Your Mind is a Fish Tank

The most gorgeous fish tank I’ve ever seen, found at Chester Zoo.

A Theory on how to be more creative, inspired by Julia Cameron's 'The Artist's Way'. Depression left my tank murky and empty. Here’s how I cleaned it, restocked it, and started creating again.

For a long time my head has felt like a dirty fish tank. Murky water. Dead fish at the bottom. Overgrown plants tangling everything together. Depression had turned my creativity stagnant. This visual hit me whilst reading The Artist’s Way.

It’s a book that guides you through a 12 week path to healing your creativity. Every day you must do morning pages and every week an Artist Date. The first aims to cleanse your mind and the latter to ‘fill the well’.

I didn't want to do an Artist Date, and add new projects, new ideas, new responsibilities to a place that frankly was an inhospitable environment. What’s the point? Anything I add would just rot in the mess.

That’s when I visualised my mind as a fish tank, and once I saw it that way, everything clicked.

The Fish Tank Theory

Your mind is a fish tank.

Picture a perfect one (or look at my favourite above). The water is clean, the fish are thriving, and the plants are vibrant. There’s variety, balance and systems to keep everything in order (filters, water changes, and a healthy population).

That’s a creative mind at peak performance:

  • Clean water = clarity, peace of mind, self-care. Thoughts move clearly without self doubt or overthinking.

  • Fish = new ideas, projects and sparks of inspiration.

  • Plants + Rocks = supportive habits, anchors and structure.

  • Filter system = Regular movement and rest to stay energised, or tools inside the tank to stop it getting murky.

  • Balanced in and out, steady flow of ideas and execution

Every time you write, design, post or perform, you take a fish out of the tank. That’s you using your creativity. If you take fish (ideas) out every single day; brainstorms, content, problem solving, projects, music, songs, posts etc, without ever refilling the tank, it’ll run dry.

If you’ve ever felt creative block, burnt out, stagnation or just ‘off’; I guarantee it’s because you didn’t look after your tank.

So, the real work of a creative isn’t only to “do the work.” It’s to care for the tank itself…

Step One: Cleaning the Tank

If your mind feels murky, you have to start here. Before you refill the tank, you need to reset the home. For me that’s:

  • Journalling daily to clear mental sludge.

  • Therapy and Reaching out to friends/family.

  • Sweat it out through exercise or saunas.

  • Relaxation through baths and early nights.

  • Nutrition to be energised.

I also decided to add something, a tool to live in the tank to help me keep it clean; medication (antidepressants) to maintain the balance of chemistry.

It’s not glamorous. It’s maintenance. But once I reframed it as “tank care,” it stopped feeling like a list of shoulds and started to feel like an act of love.

Step Two: Restock the Tank

Then comes the fun part: adding fish, and plants back in.

This is the Artist Date- time alone to feed your inner creative. It can be as small as a 20-minute walk, or as big as a solo trip. The point is to spark inspiration and restock your tank with new life.

From the small playful ideas you use once, to the big long-lasting projects. Or even the rare weird ideas that only show up once in a decade. They all matter.

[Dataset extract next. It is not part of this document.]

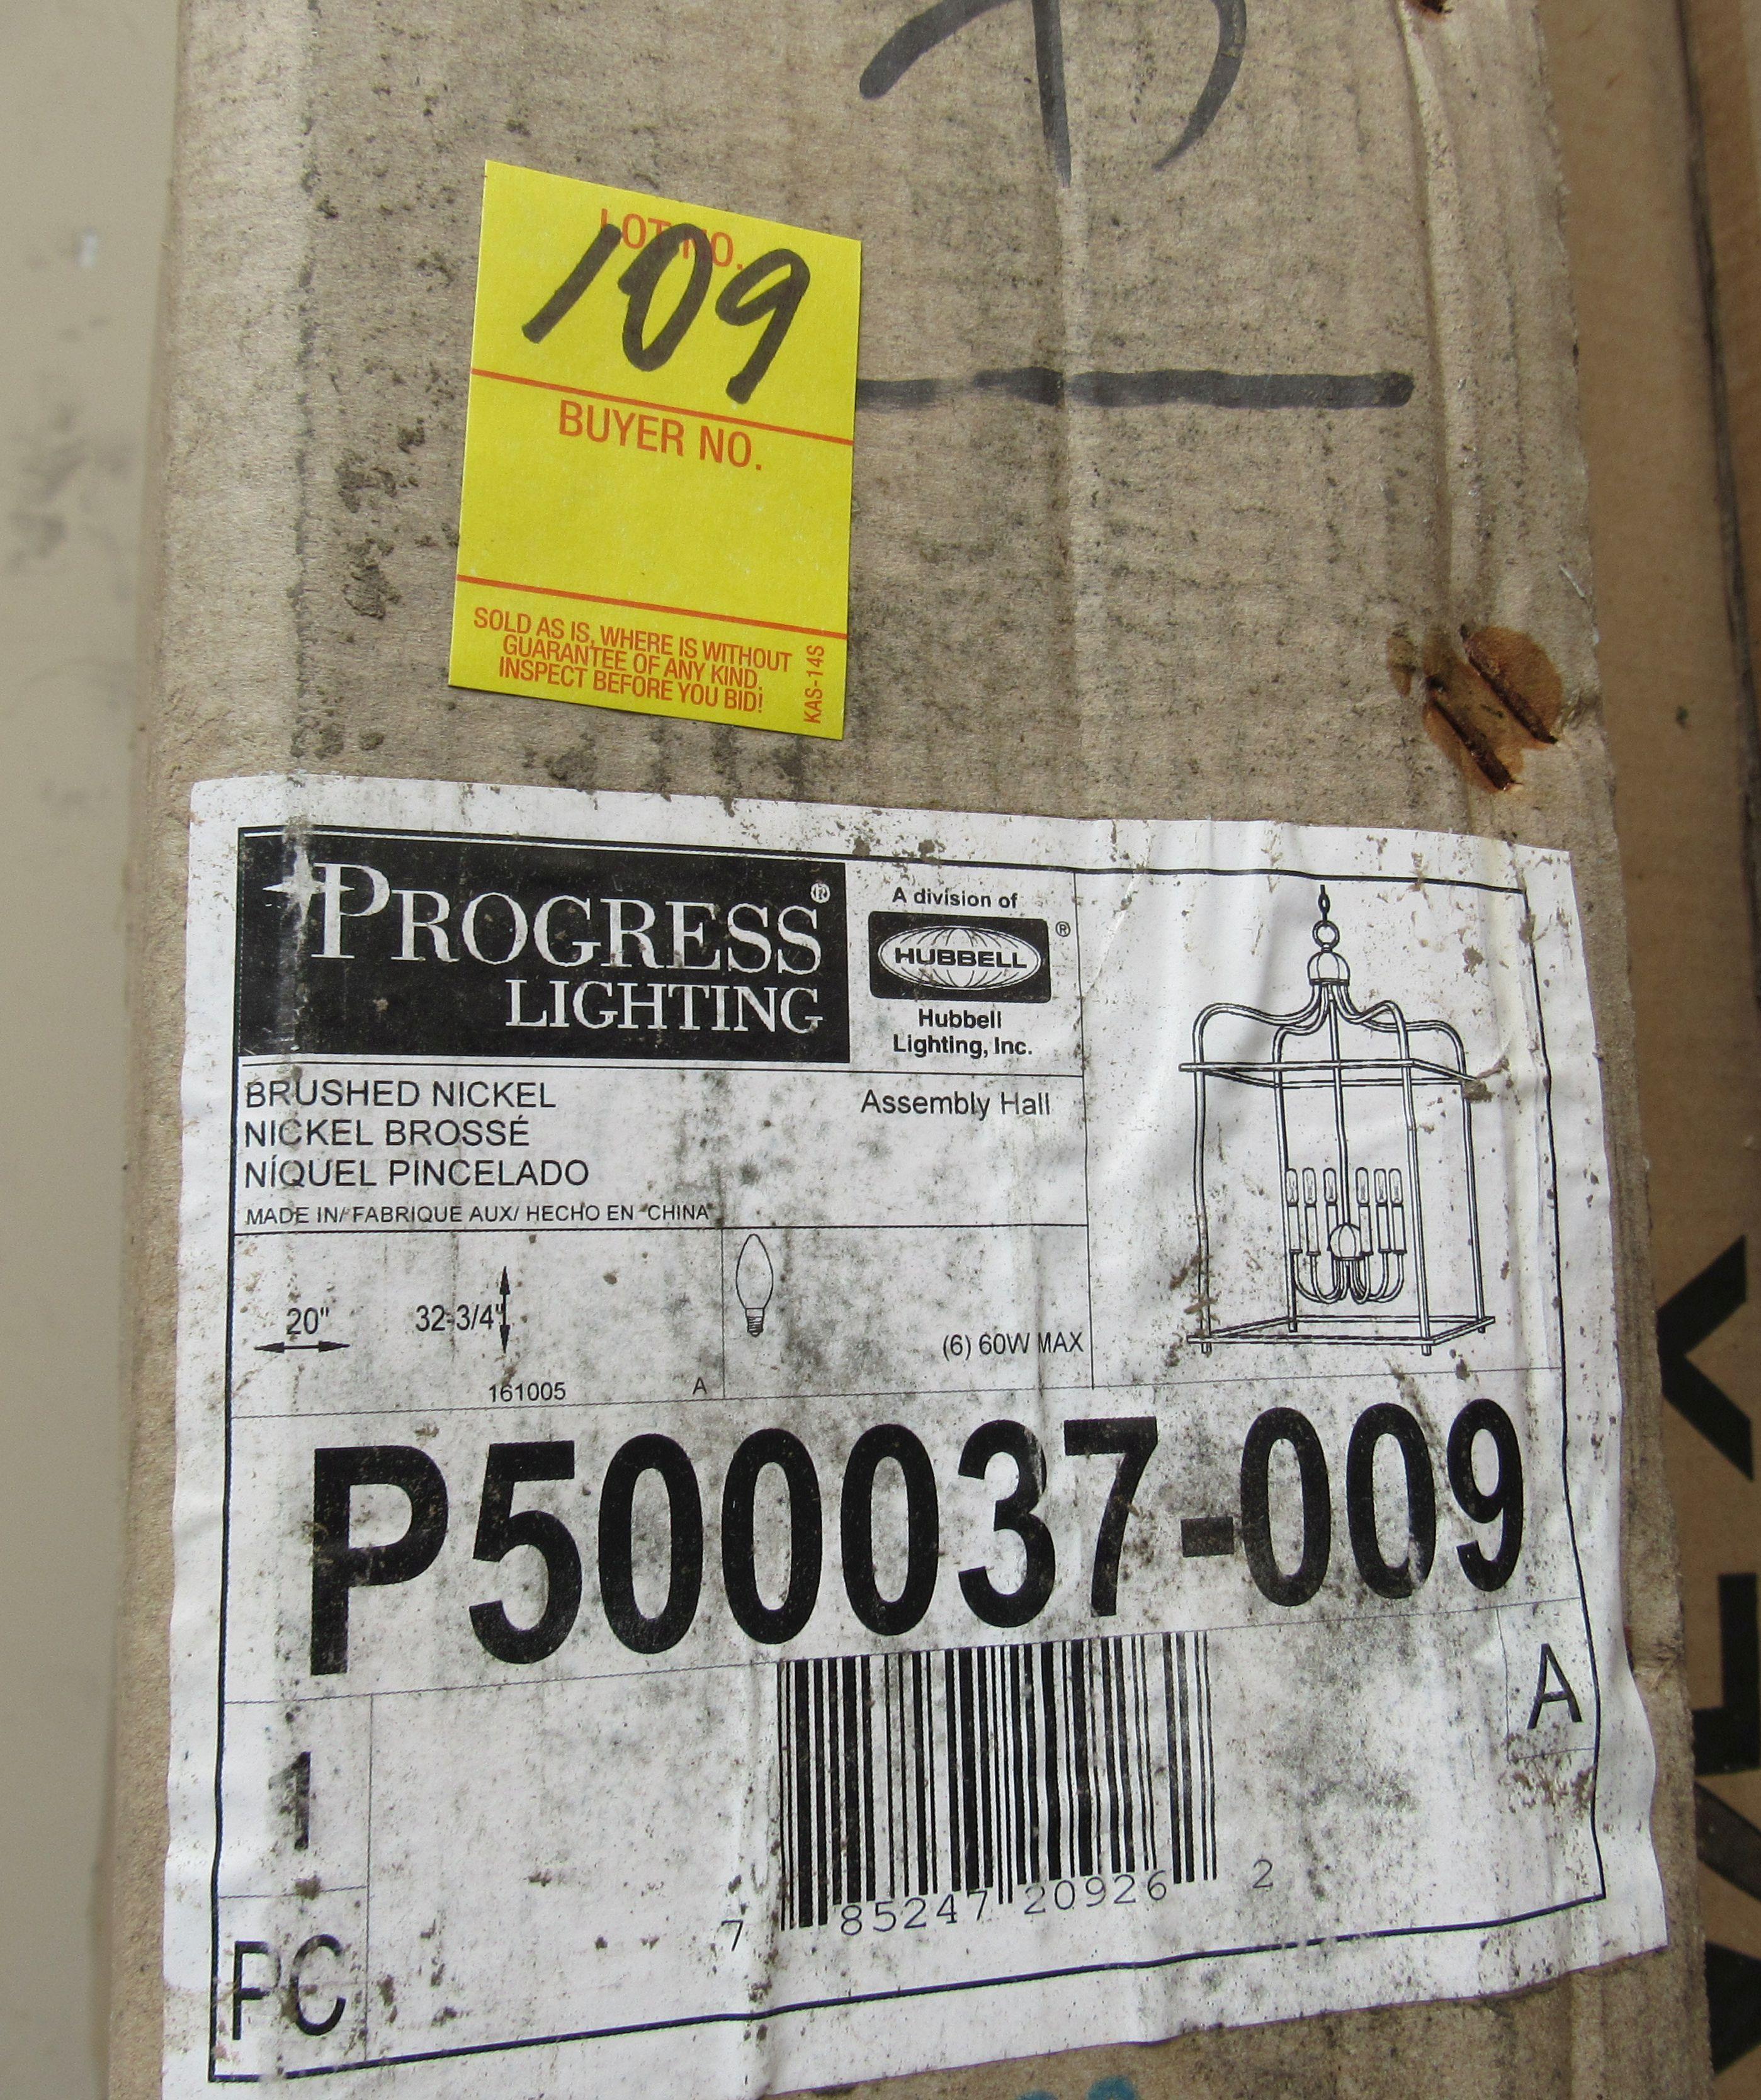 Progress Lighting Chandelier, Brushed Nickel #P500037-009

Give yourself permission to play.

  • Buy something silly for your inner child (I have a remote control car)

  • Go on a colour walk, spotting only yellow things.

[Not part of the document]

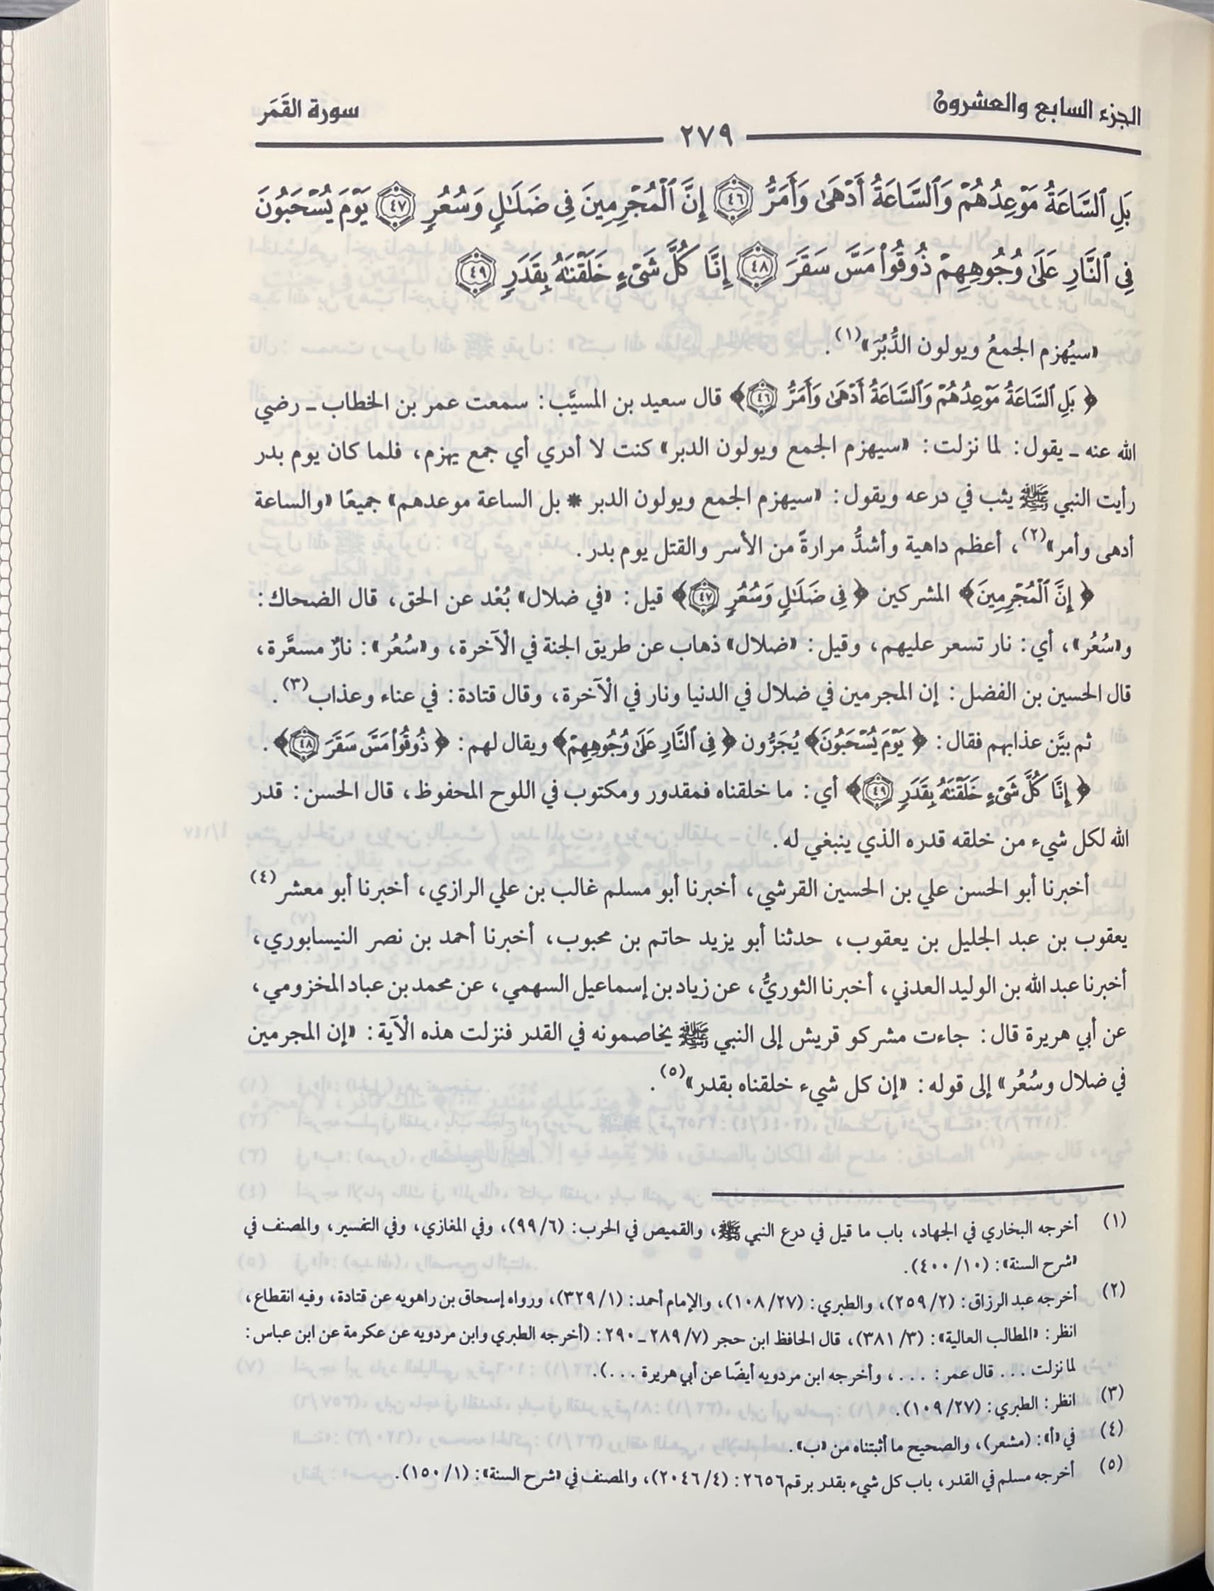 تفسير البغوي معالم التنزيل    Tafisr Al Baghawi Maalim At Tanzeel (4 Volume Set)

  • Try an art class? Dance? Pottery? Whatever you’ve always wanted to do.

  • Wander a new street, Visit a local charity shop, do something you wouldn’t usually do.

Not every fish needs to become a business plan. Some are just for swimming around, making the tank prettier. Doodle. Sing. Dance. Collect shells. A tiny fish, is still a fish.

The whole part of this process is rediscovering yourself, entertaining your soul, and doing things that feel good, or new, or uncomfortable, to grow as a person.

The Balance

Creativity isn’t just making something. It’s an ecosystem.

  • Only output? The tank empties.

  • Only input? The tank gets overcrowded.

  • Balance both, and it’s a thriving environment.

Your creativity depends on the health of your tank. So does your mindset.

Before you pressure yourself to “be more creative,” or even “be more positive” ask instead:
What does my tank need today? Cleaning or new fish?